* WORK INSTRUCTIONS
Beneath this line sits some data. Return only its lines from the one holding "Série de 4 chaises" through the one holding "dimensions : hauteur", inclusive, exactly, with the images removed.

* MATERIAL FOR THIS TASK

Segment Open

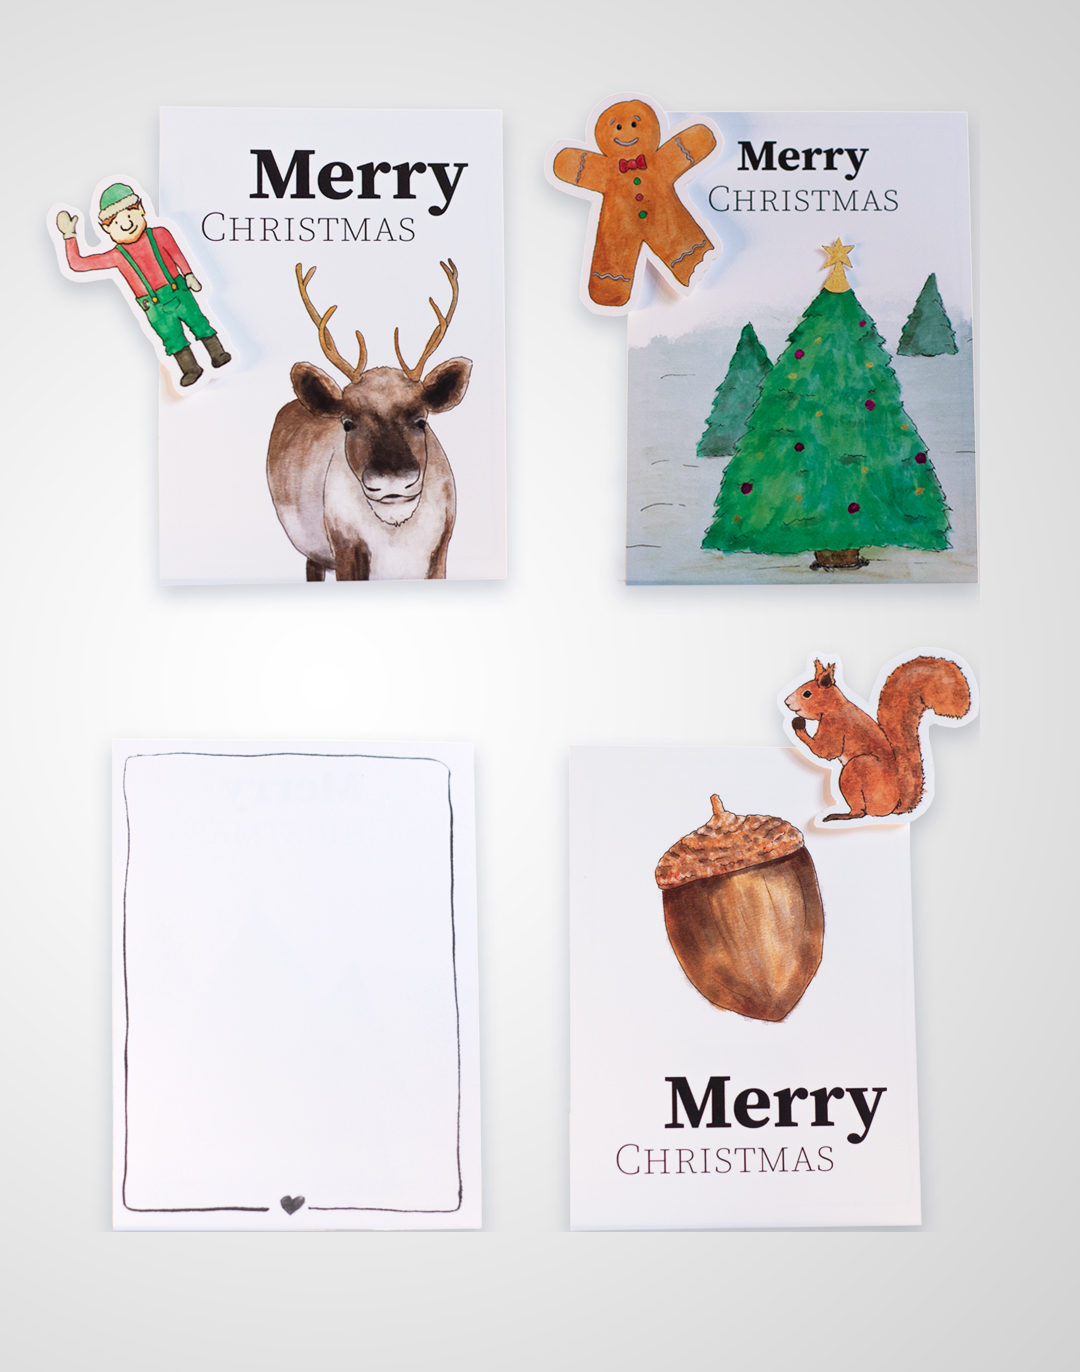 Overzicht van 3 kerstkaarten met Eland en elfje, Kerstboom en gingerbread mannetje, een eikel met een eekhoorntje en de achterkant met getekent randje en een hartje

Segment Closed
Segment Open

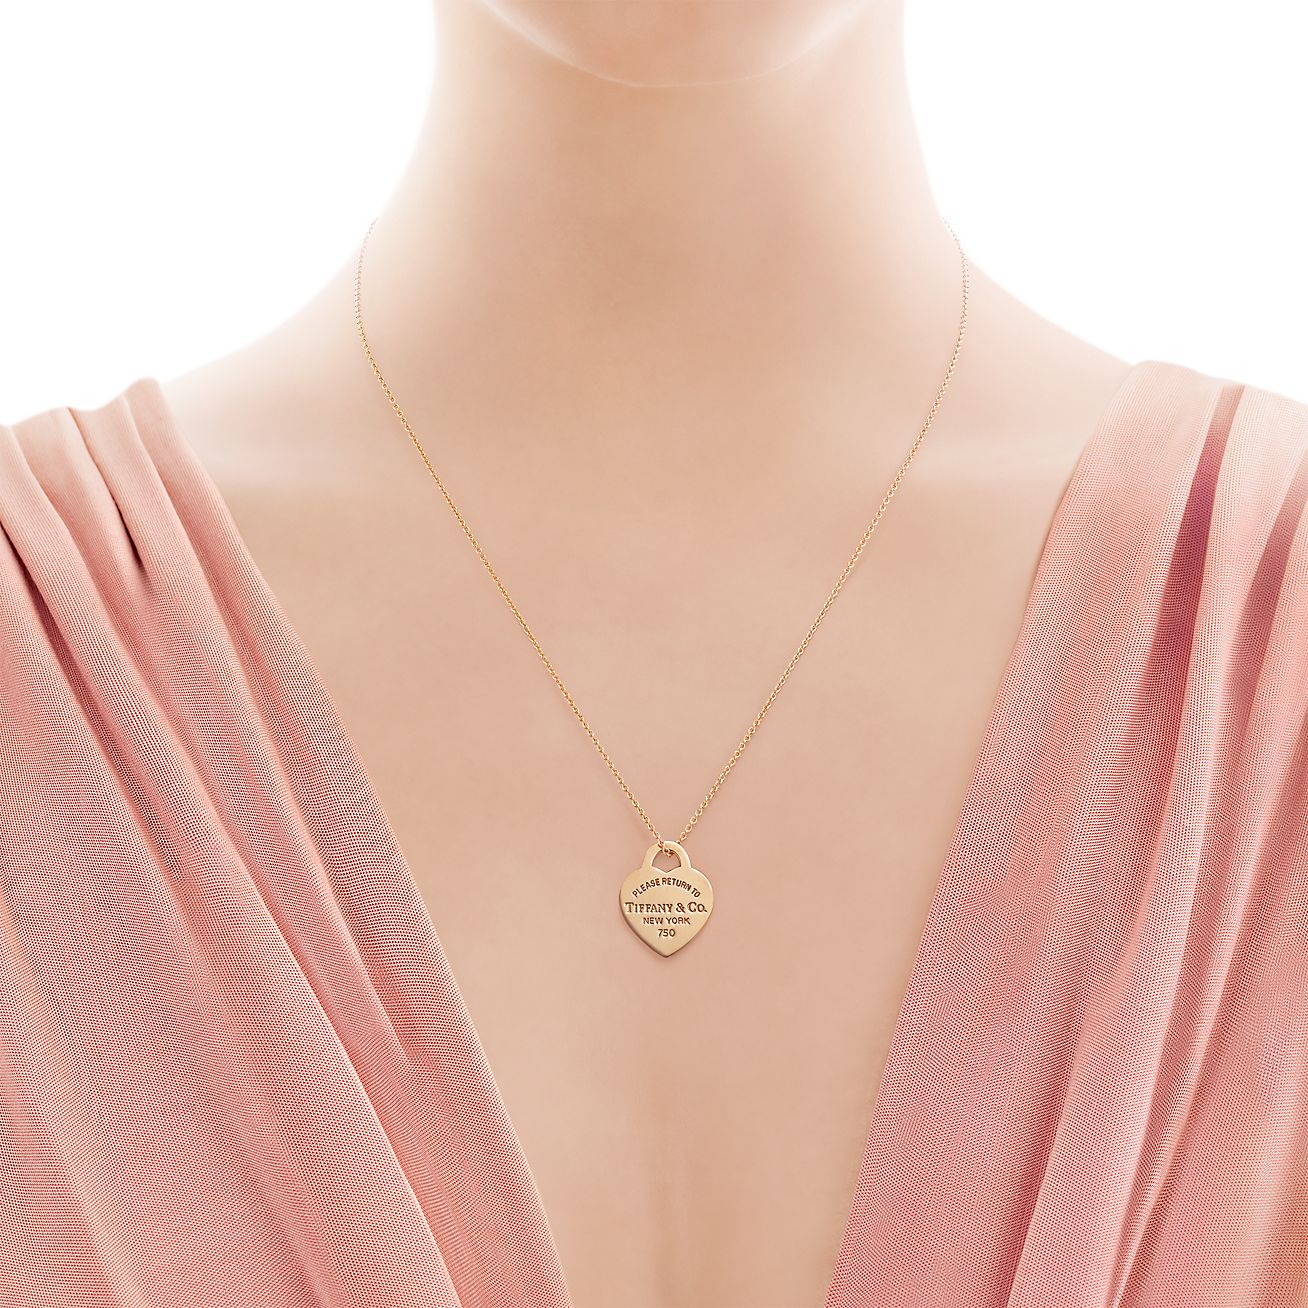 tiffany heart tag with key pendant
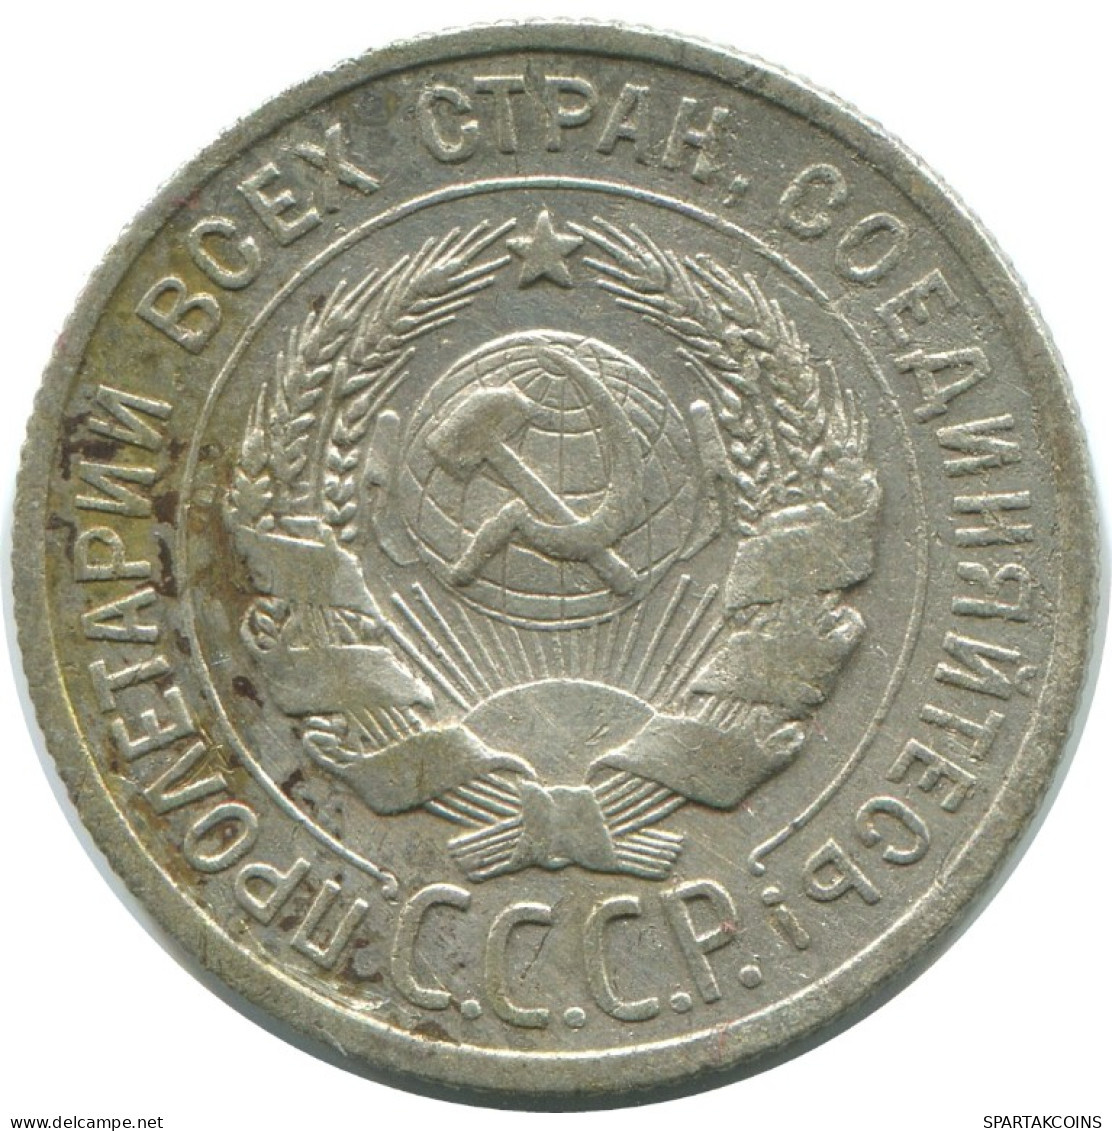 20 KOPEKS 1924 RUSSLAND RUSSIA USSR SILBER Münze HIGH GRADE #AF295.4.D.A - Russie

Segment Closed
Segment Open

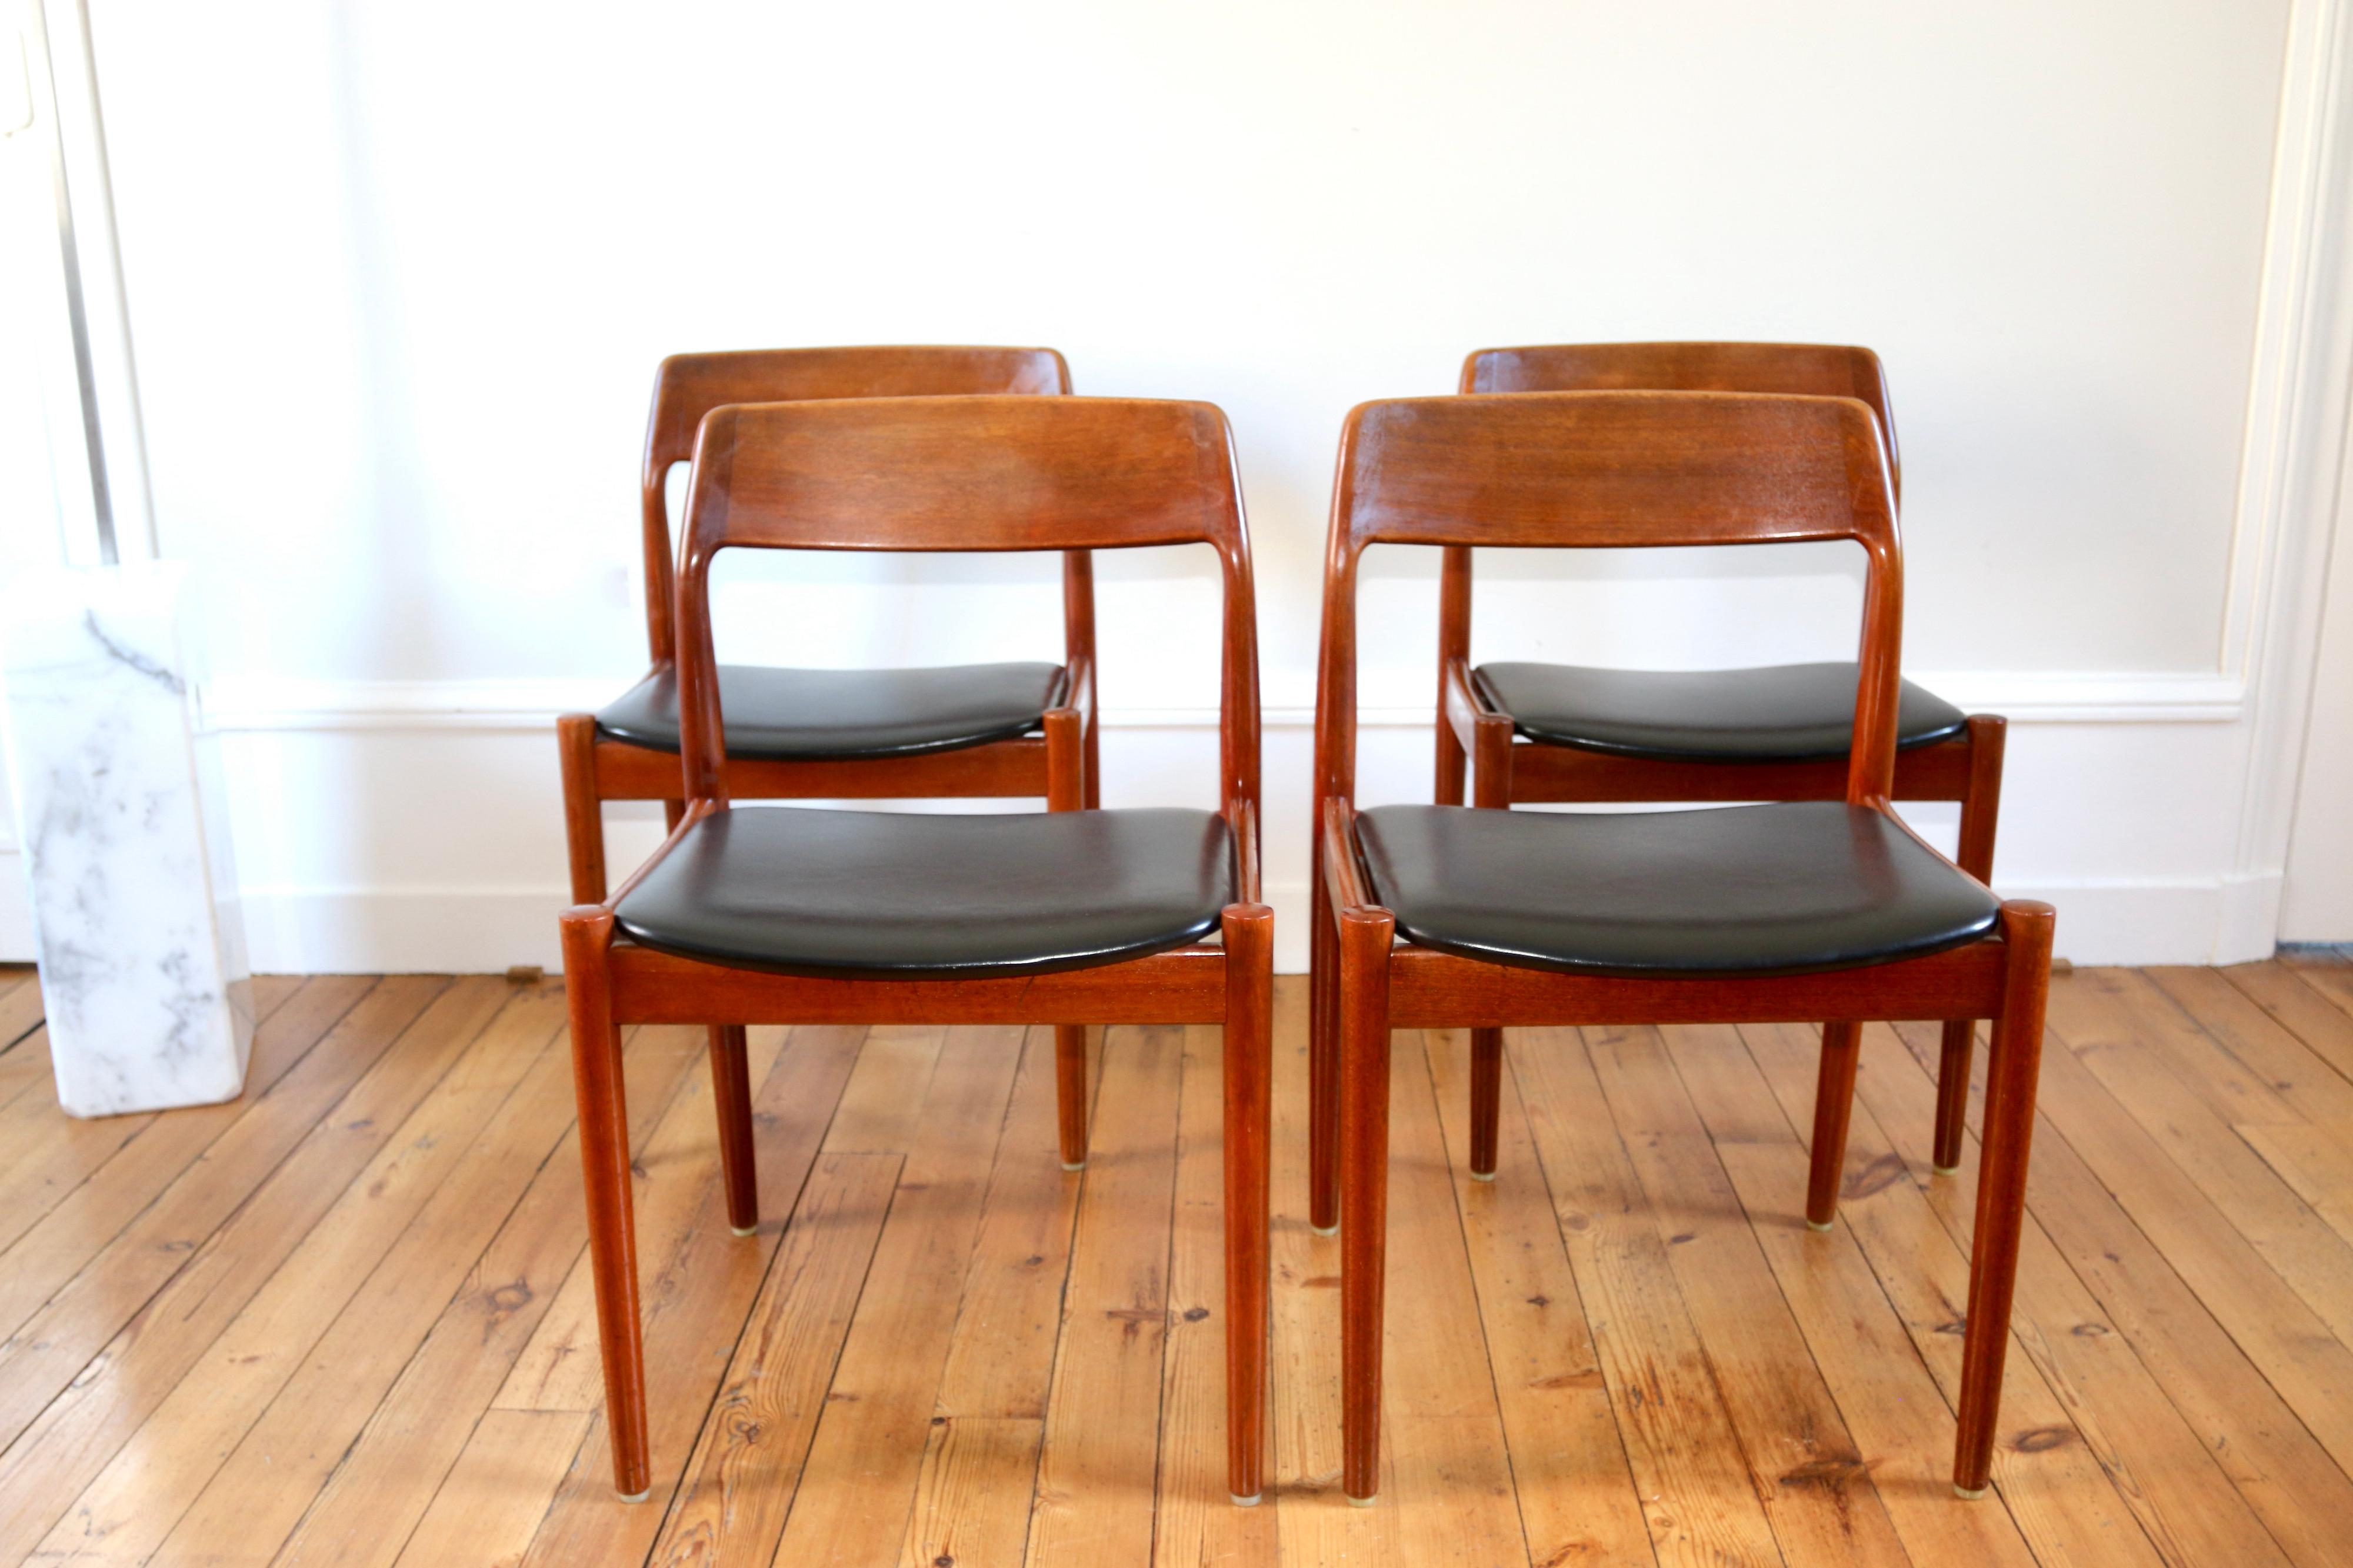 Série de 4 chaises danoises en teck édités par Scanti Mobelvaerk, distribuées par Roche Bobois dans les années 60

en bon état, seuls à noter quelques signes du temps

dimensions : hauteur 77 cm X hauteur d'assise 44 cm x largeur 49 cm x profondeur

Segment Closed

* SOLUTION FOR THIS EXERCISE
 Série de 4 chaises danoises en teck édités par Scanti Mobelvaerk, distribuées par Roche Bobois dans les années 60

en bon état, seuls à noter quelques signes du temps

dimensions : hauteur 77 cm X hauteur d'assise 44 cm x largeur 49 cm x profondeur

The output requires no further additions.